2.     The bombing approach used is to approach the target at approximately ninety degrees and 2,000 feet higher than the predetermined bombing altitude. Any time the airplane commander chooses, he executes approximately a ninety degree turn, diving and losing the two thousand feet so that the Bombardier knows from the approach that he will bomb at two thousand feet less, at an indicated air speed of one hundred ninety miles per hour and that his bombing run will be approximately twenty seconds long. The Squadron put seventy one airplanes over the target during the month of October, and nearly all of these were bombing missions. Every approach was made on this pattern. Airplanes of this squadron have received but minor damage from hostile A/A fire, bombing cruisers from two thousand feet in broad daylight, and bombing concentrations of shipping from thirty five hundred feet, and less, at dawn.

3.     Low altitude precision bombing has been necessary in this theatre with the targets that we have, namely Japanese cargo and war vessels. In order to hit these targets it is absolutely necessary to bomb at low altitude. This is tied in with the type of bombing run of the preceding paragraph.

4.     Skip bombing has been developed by this squadron and executed on several occasions from two hundred fifty feet, indicating 220 miles per hour.
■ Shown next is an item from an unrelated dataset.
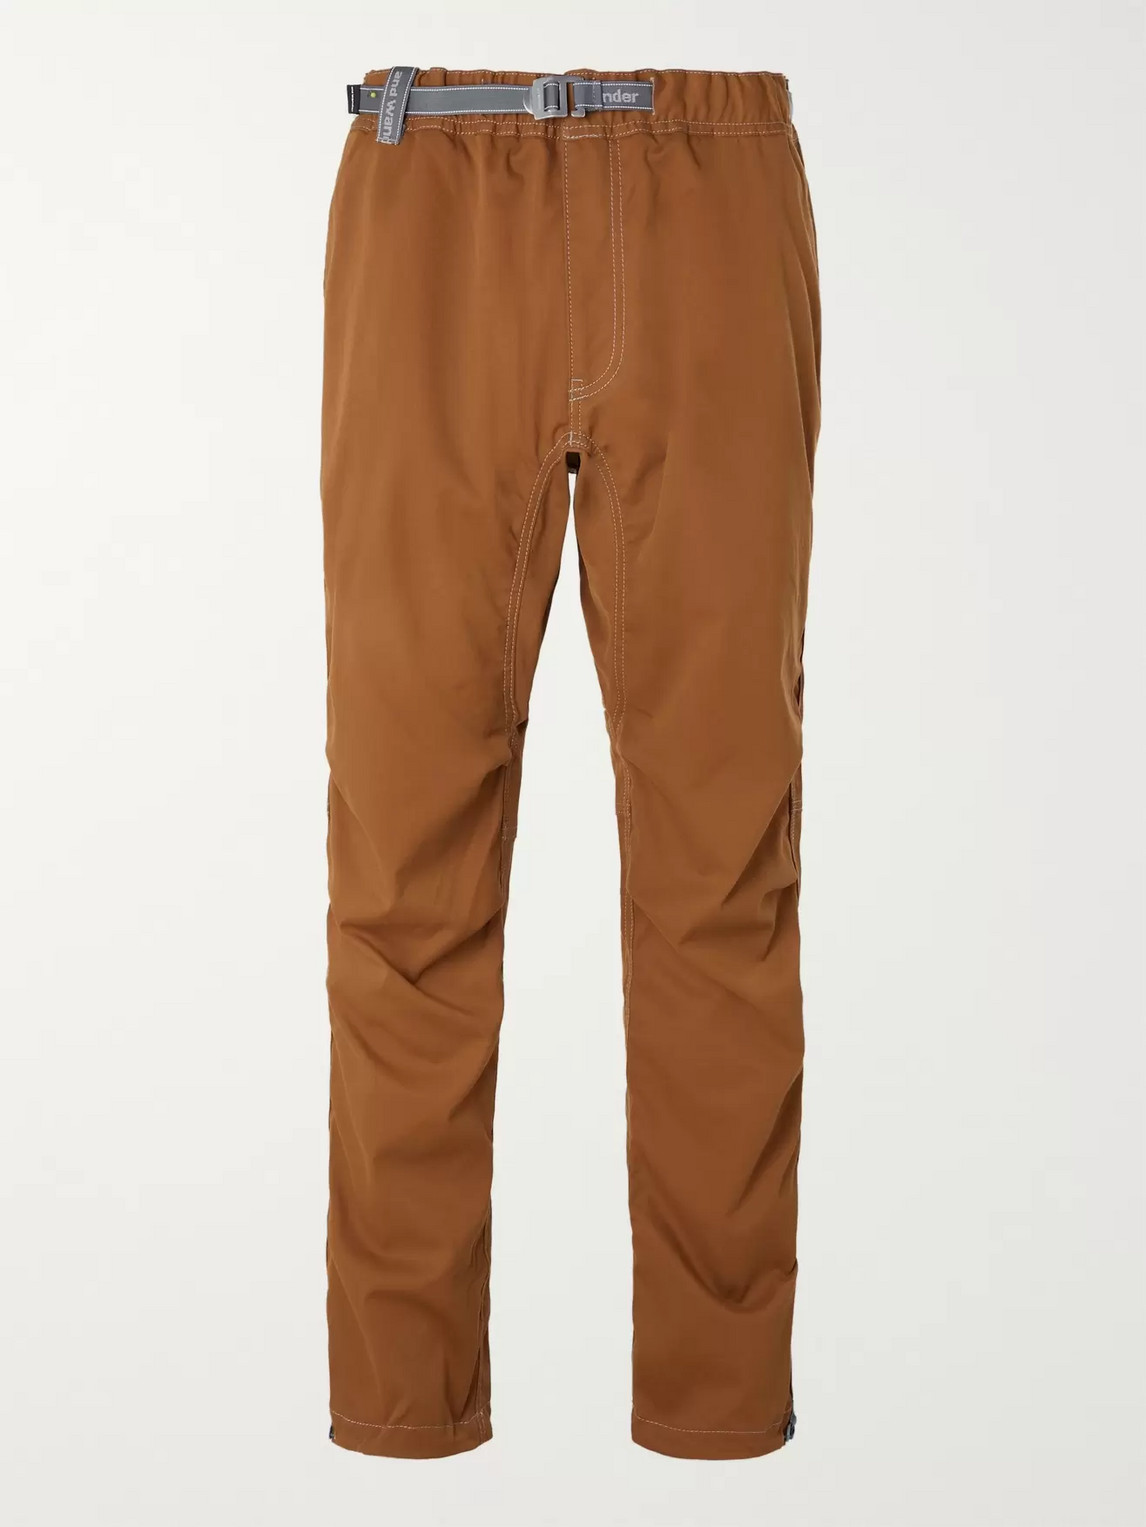 AND WANDER SHELL CLIMBING TROUSERS

The sight used is an "X" on the co-pilot's window, 6 - 3/4 inches from the top. The forward point of reference is the outline of the nose. Under these conditions in level flight at two hundred and fifty feet, indicating approximately 220 miles an hour, a bomb will fall from sixty feet to one hundred feet short of the vessel, skip into the air and hit sixty feet to one hundred feet beyond. If perfect, the bomb will hit the side of the vessel and sink. During periods when the moon is twenty degrees or less above the horizon and at dawn, the slick on the water has given a perfect path in which to operate. By flying North or South at five hundred feet, the slick of the moon follows the airplane so that when a vessel appears in the slick, a ninety degree turn is executed, two hundred fifty feet are lost, power is applied. The results have been hits and sinking of hostile vessels. It has been found that enemy vessels turn their guns directly upward and shoot. So far they have caused only minor damage to a few airplanes.

5.     Night bombing is no new development of this squadron, but has added materially in executing the low altitude attacks demanded for hits or vessels. Closely allied is the "crack of dawn attack" as old as history, but which has paid more dividends than any other single time attack. Formation flying for night bombing has not been attempted in this squadron due to weather conditions usually encountered enroute to target and the loss of time that results in formation flying. To the present date this squadron has had only two ships that failed to reach the target in night operation.